1. Warm up. Stretching the fingers and wrist tendons gently; try wringing your hands to get the blood flowing to the finger tips. Basic snare exercises like slow singles (RLRL…) and doubles (RRLL…) are good – paradiddles if you fancy getting exotic – anything which gets your fingers moving and your head focused on the job in hand. Another good approach to try – especially if you only have a very short practice time allotted (I have coined this: ‘Power Practice’ – like a power nap!) is to start by warming up – very slowly and gently – playing whatever exercise you have planned to work on that day: this will get the hands working and, as above, your focus on what you are about to do.
2. Have a plan. However basic it might be, even if you have only 10 minutes to spare, be clear on what you are going to work on and take your time – you can always come back to it again later. Becoming a musician is a lifelong journey so don’t skimp – try to get it right first time by starting very slowly.
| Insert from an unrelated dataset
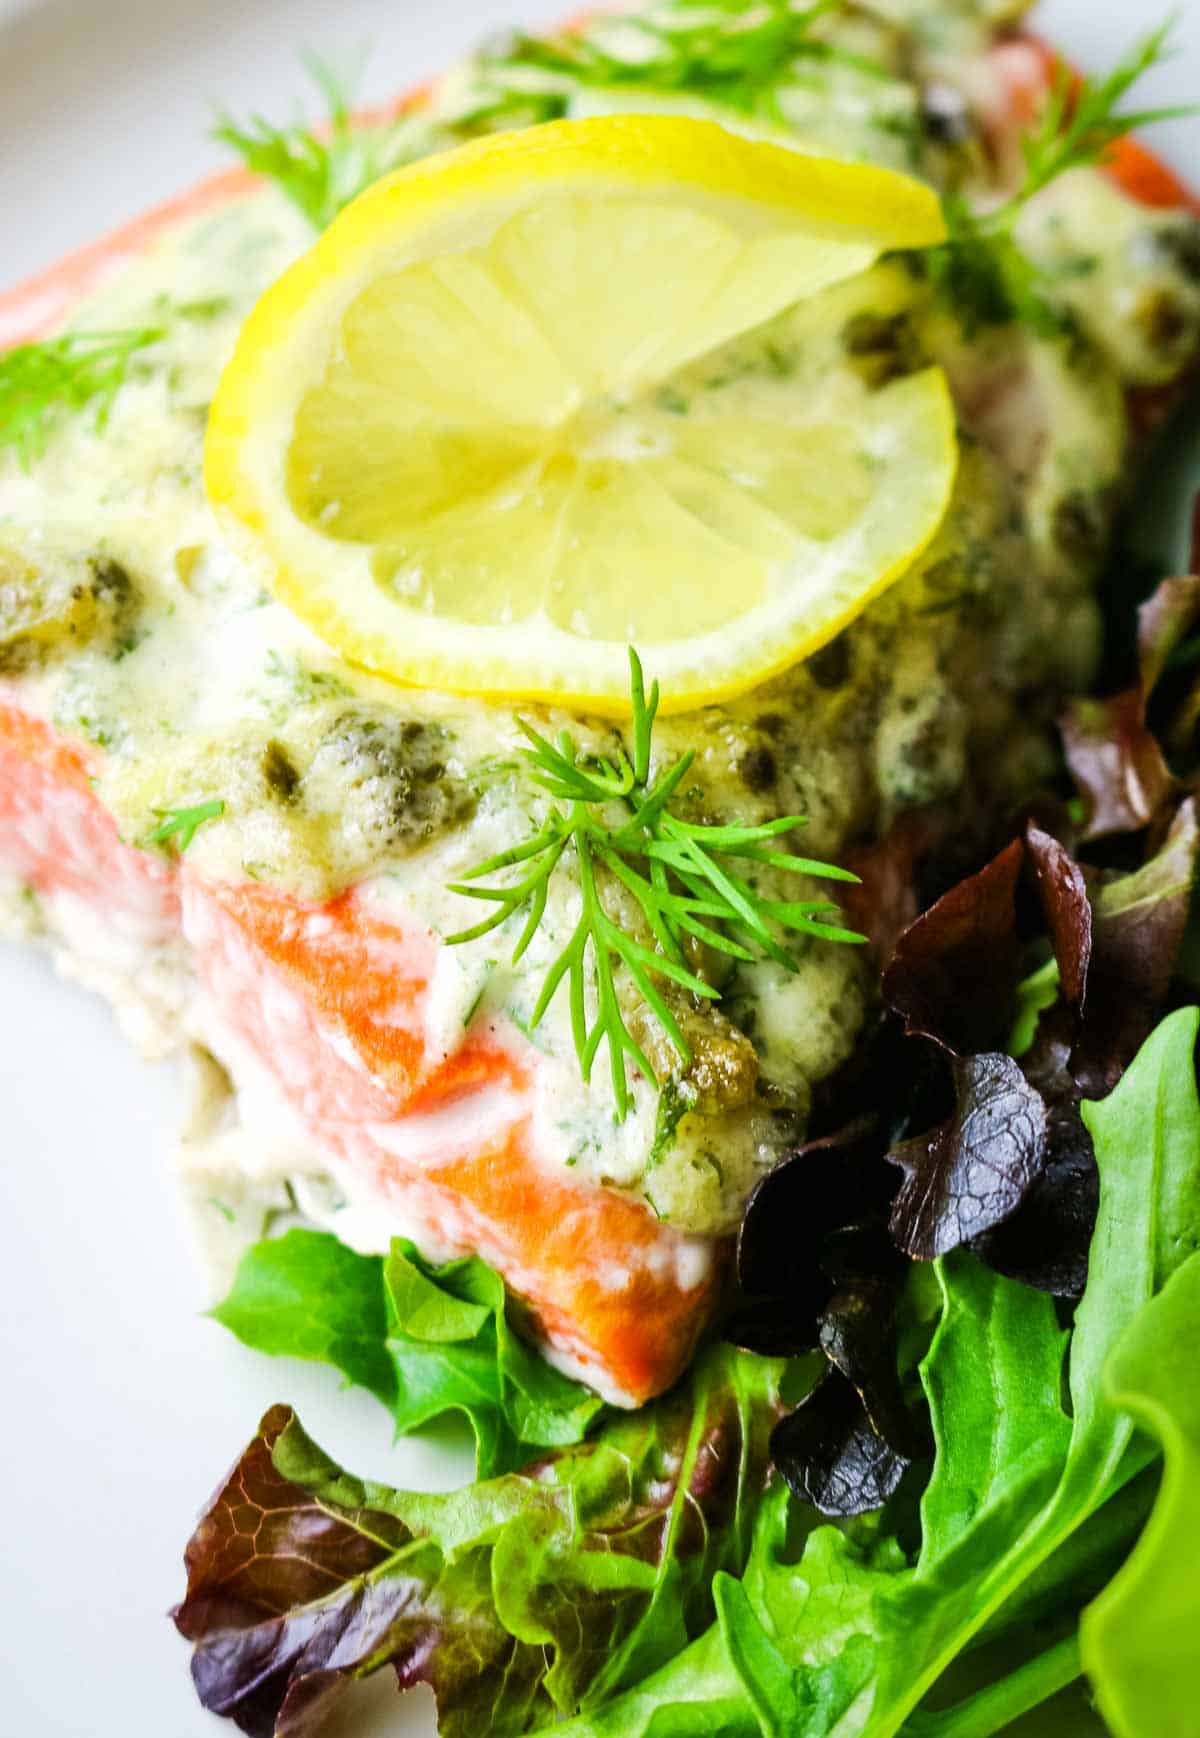 salmon with green salad and lemon slice.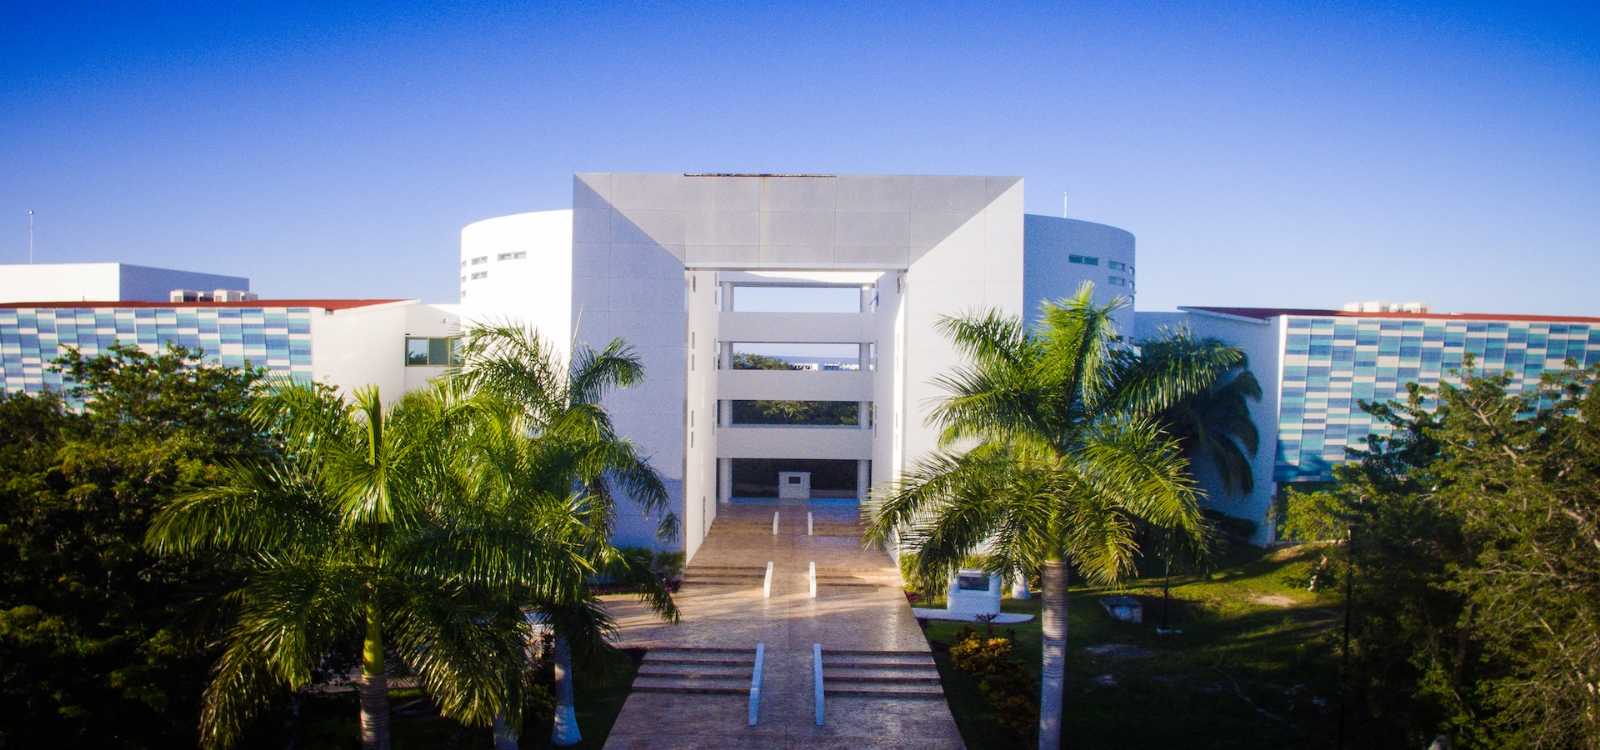 La Universidad de Quintana Roo, máxima casa de estudios de la entidad, se fundó el 31 de mayo de 1991

This methodical approach means you will understand more thoroughly what it is you are actually trying to do and will also aid in maintaining the all-important quality in your playing. Cover all ‘in-between’ tempos as you develop an idea. A lot of players miss this in the rush to get as fast as they can as quickly as possible. Song tempos vary, so we should be comfortable with our technique and control across a wide tempo range. Work on ‘flat spots’ (tempos where an exercise feels particularly awkward) by pushing dynamic boundaries – loud and soft. This will increase control at a given tempo by widening subtle technique variations at the problem speed, helping you to push through constrictions.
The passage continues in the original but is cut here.